GIVEN MATERIAL »
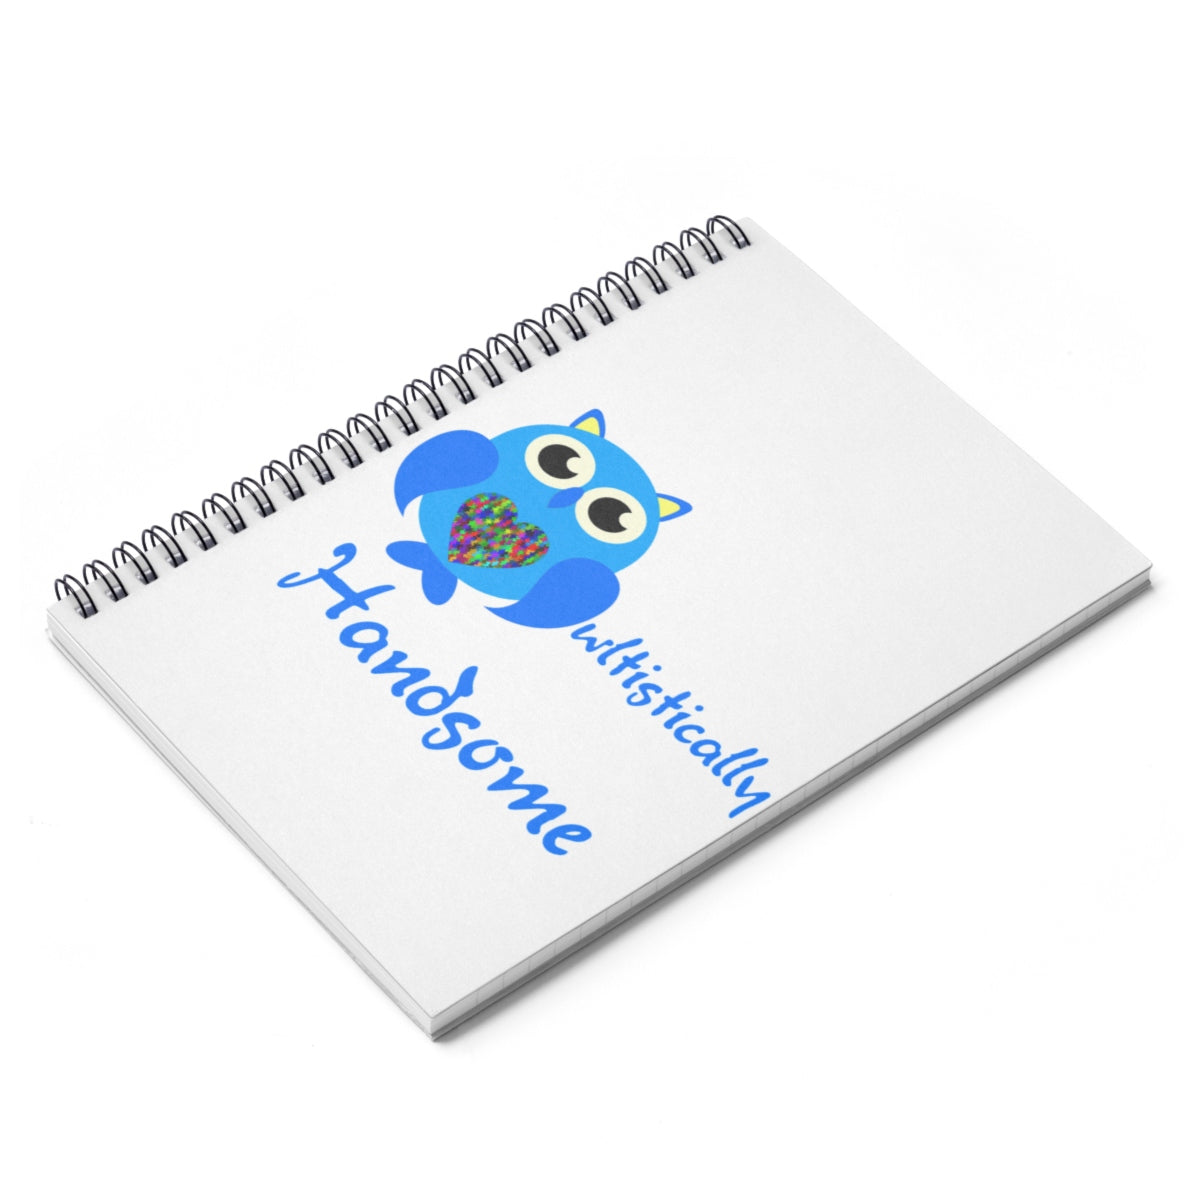 "Owltistically Handsome" Autistic Spiral Notebook - Ruled Line
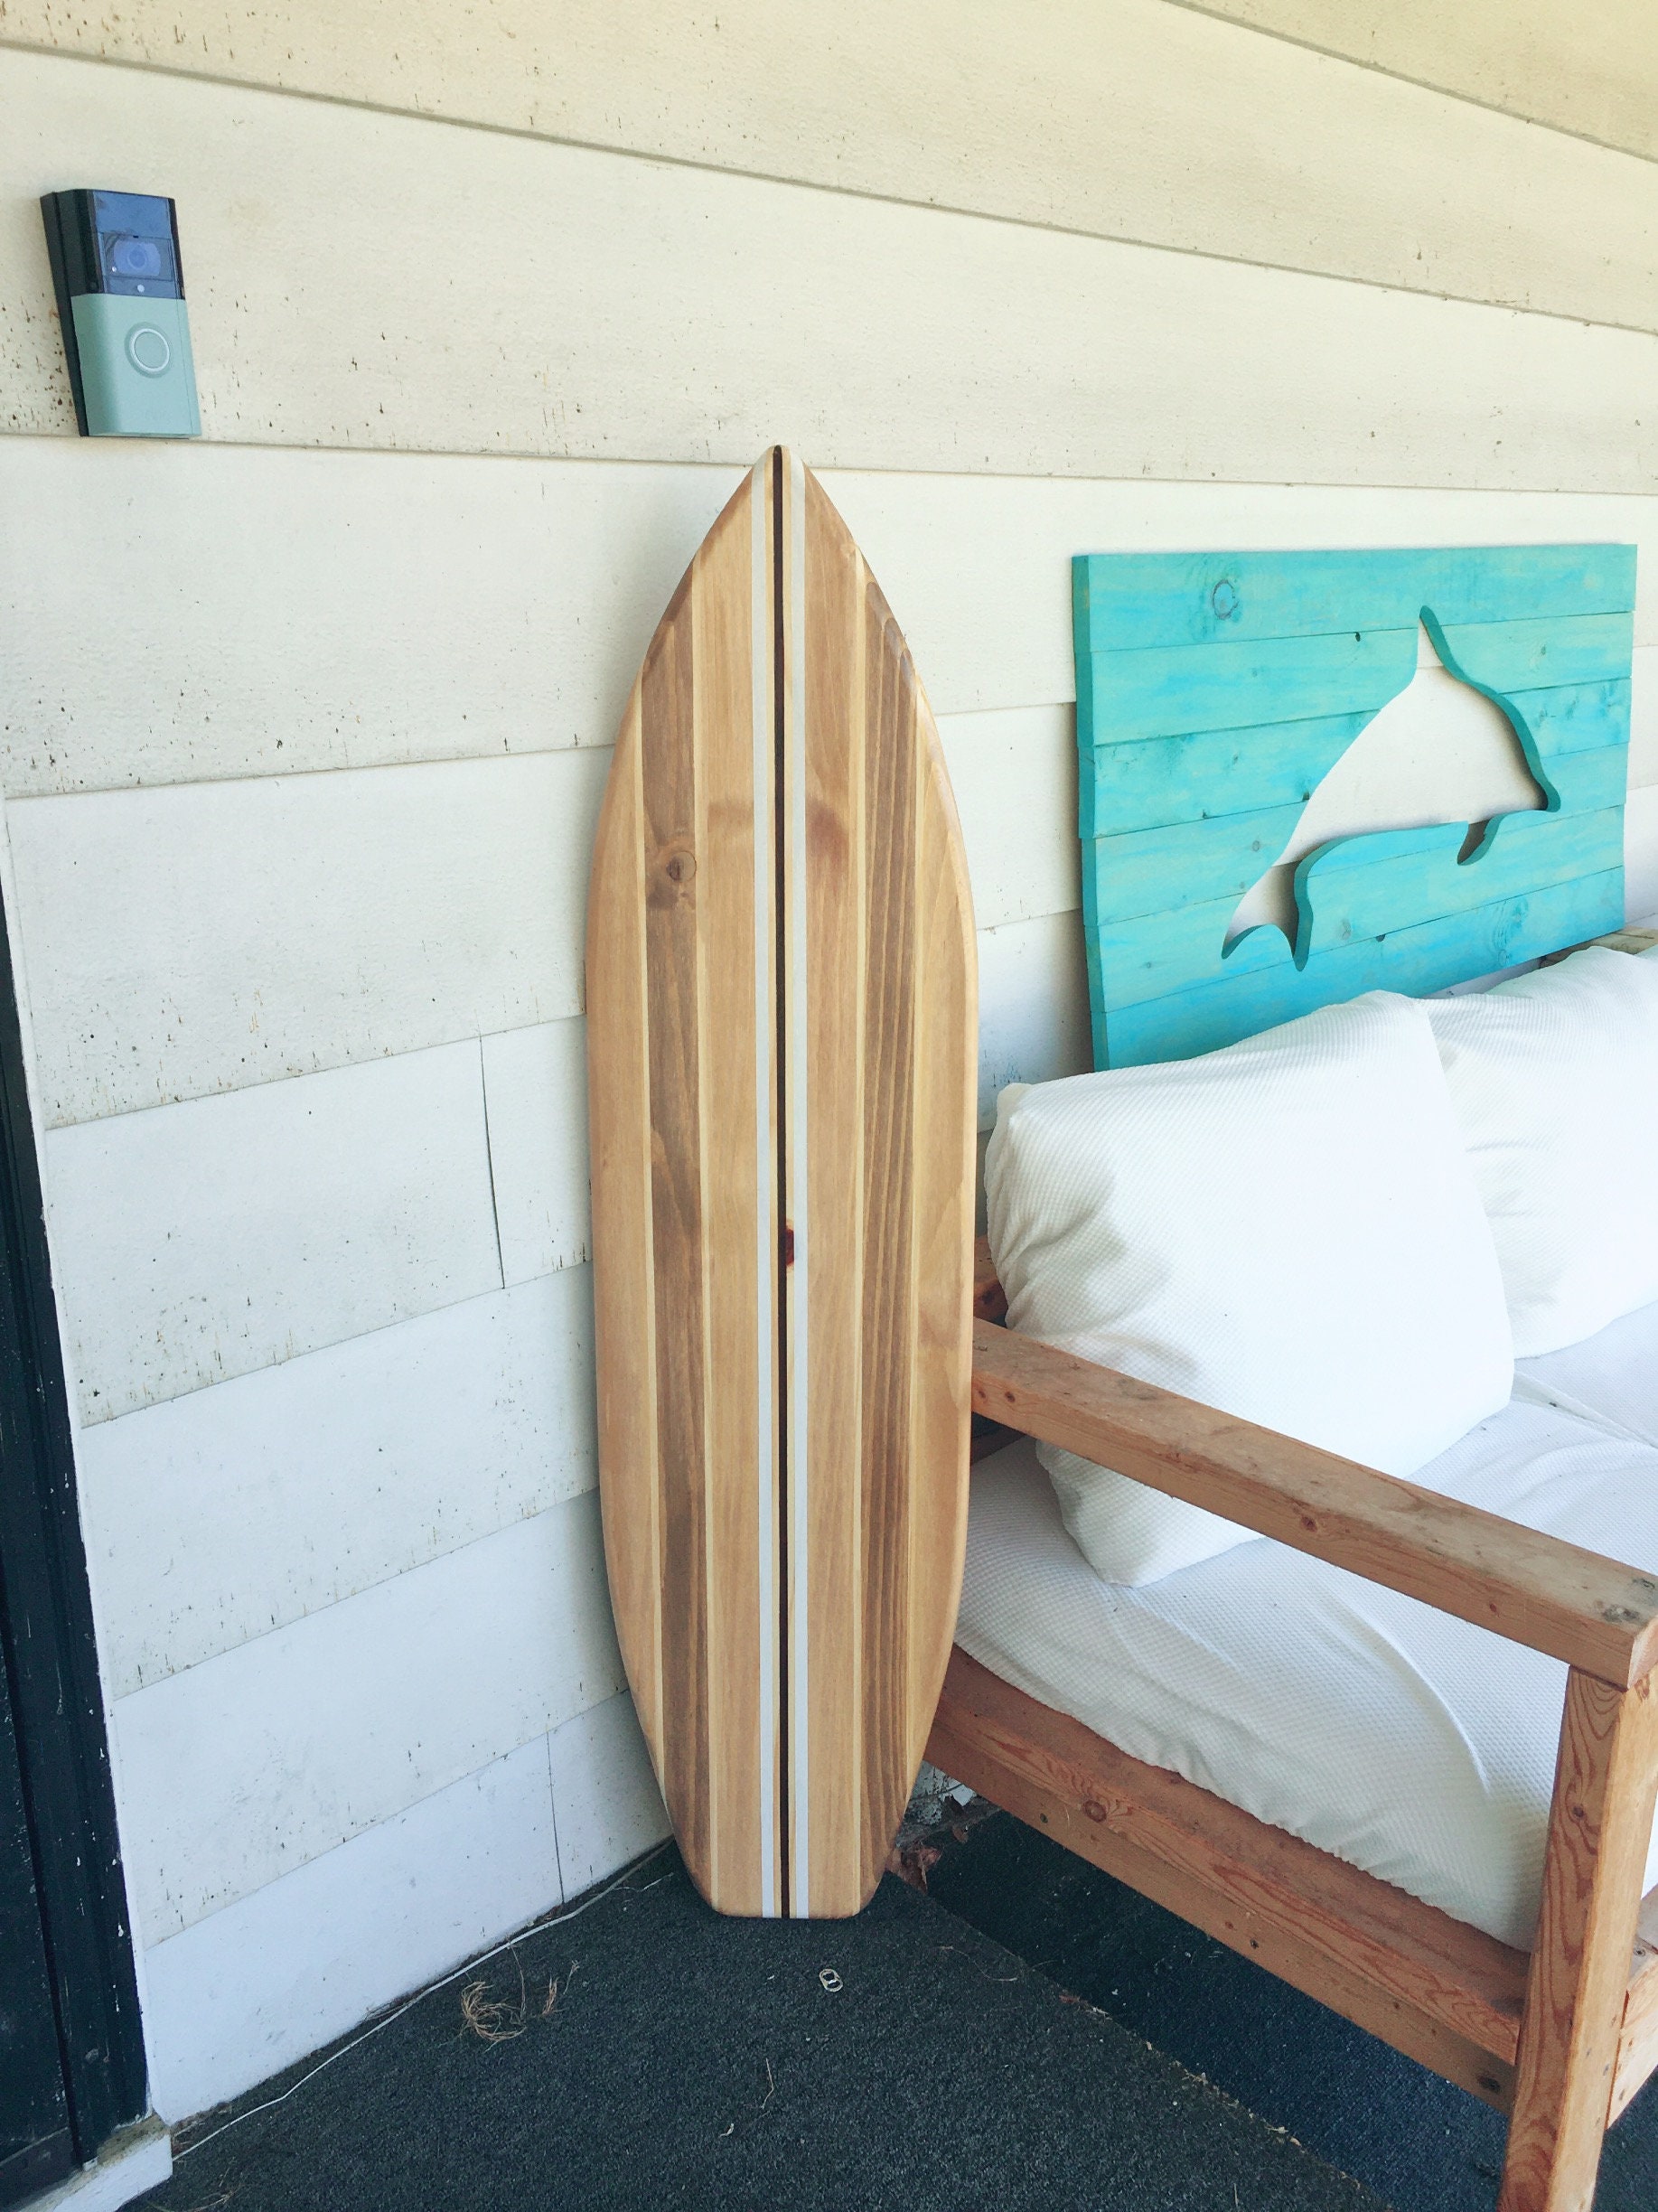 4 Foot Wood Surfboard Wall Art With Natural Stained and White picture photo pic
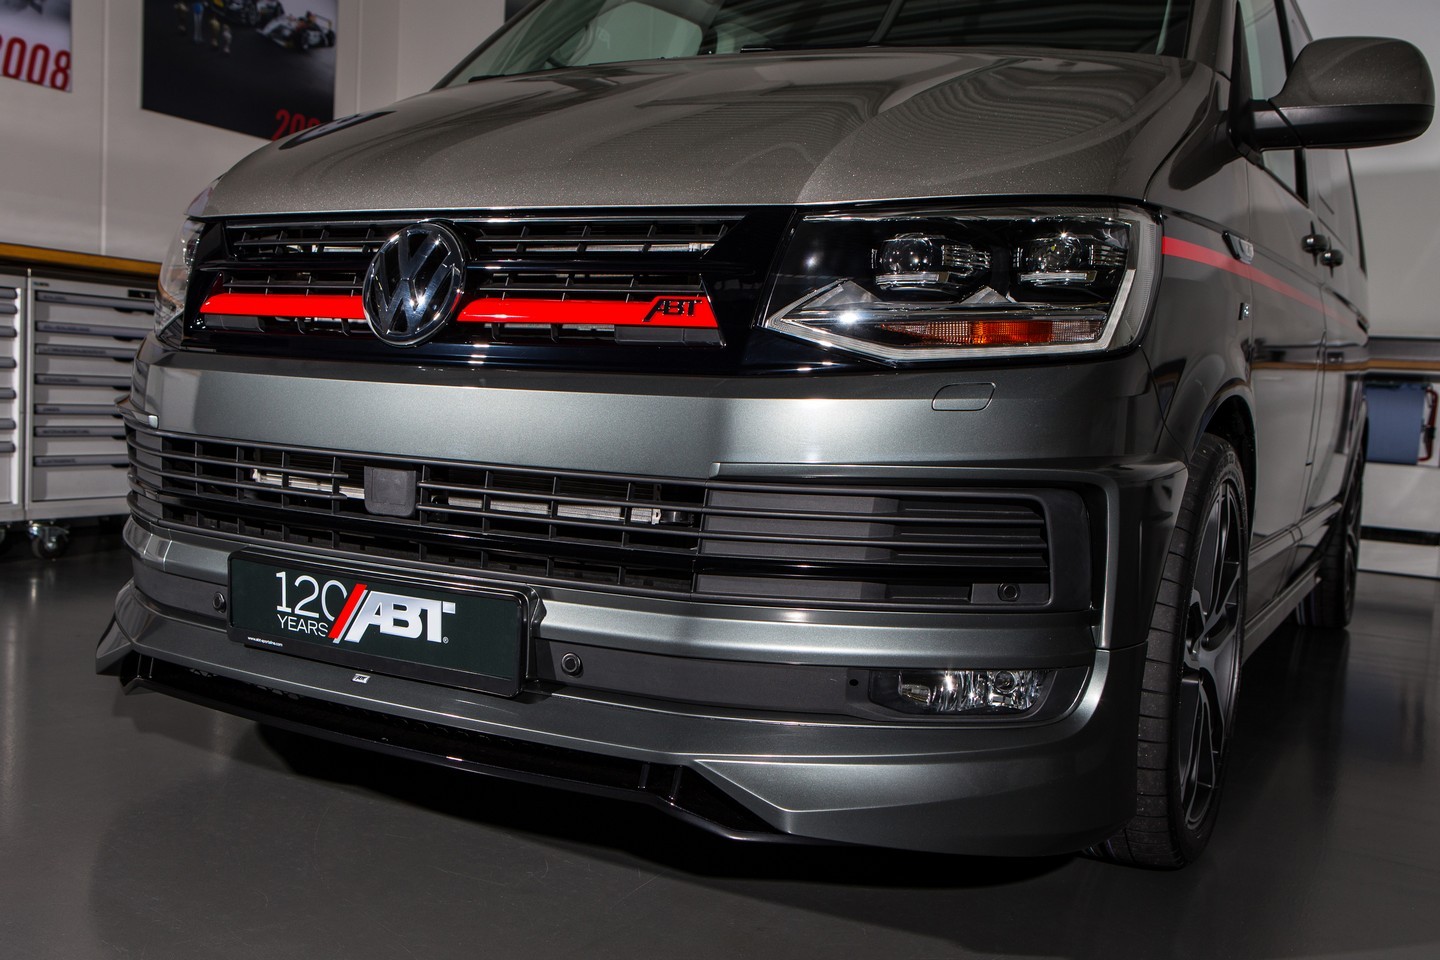 ABT Makes Coolest Volkswagen T6 Tuning Project for Geneva - autoevolution

YOUR ASSIGNMENT » Nothing but the lines from the one that contains "4 Foot Wood" through the end of the material above is to be reproduced, exactly and without pictures.

ANSWER BELOW »
 4 Foot Wood Surfboard Wall Art With Natural Stained and White picture photo pic
 ABT Makes Coolest Volkswagen T6 Tuning Project for Geneva - autoevolution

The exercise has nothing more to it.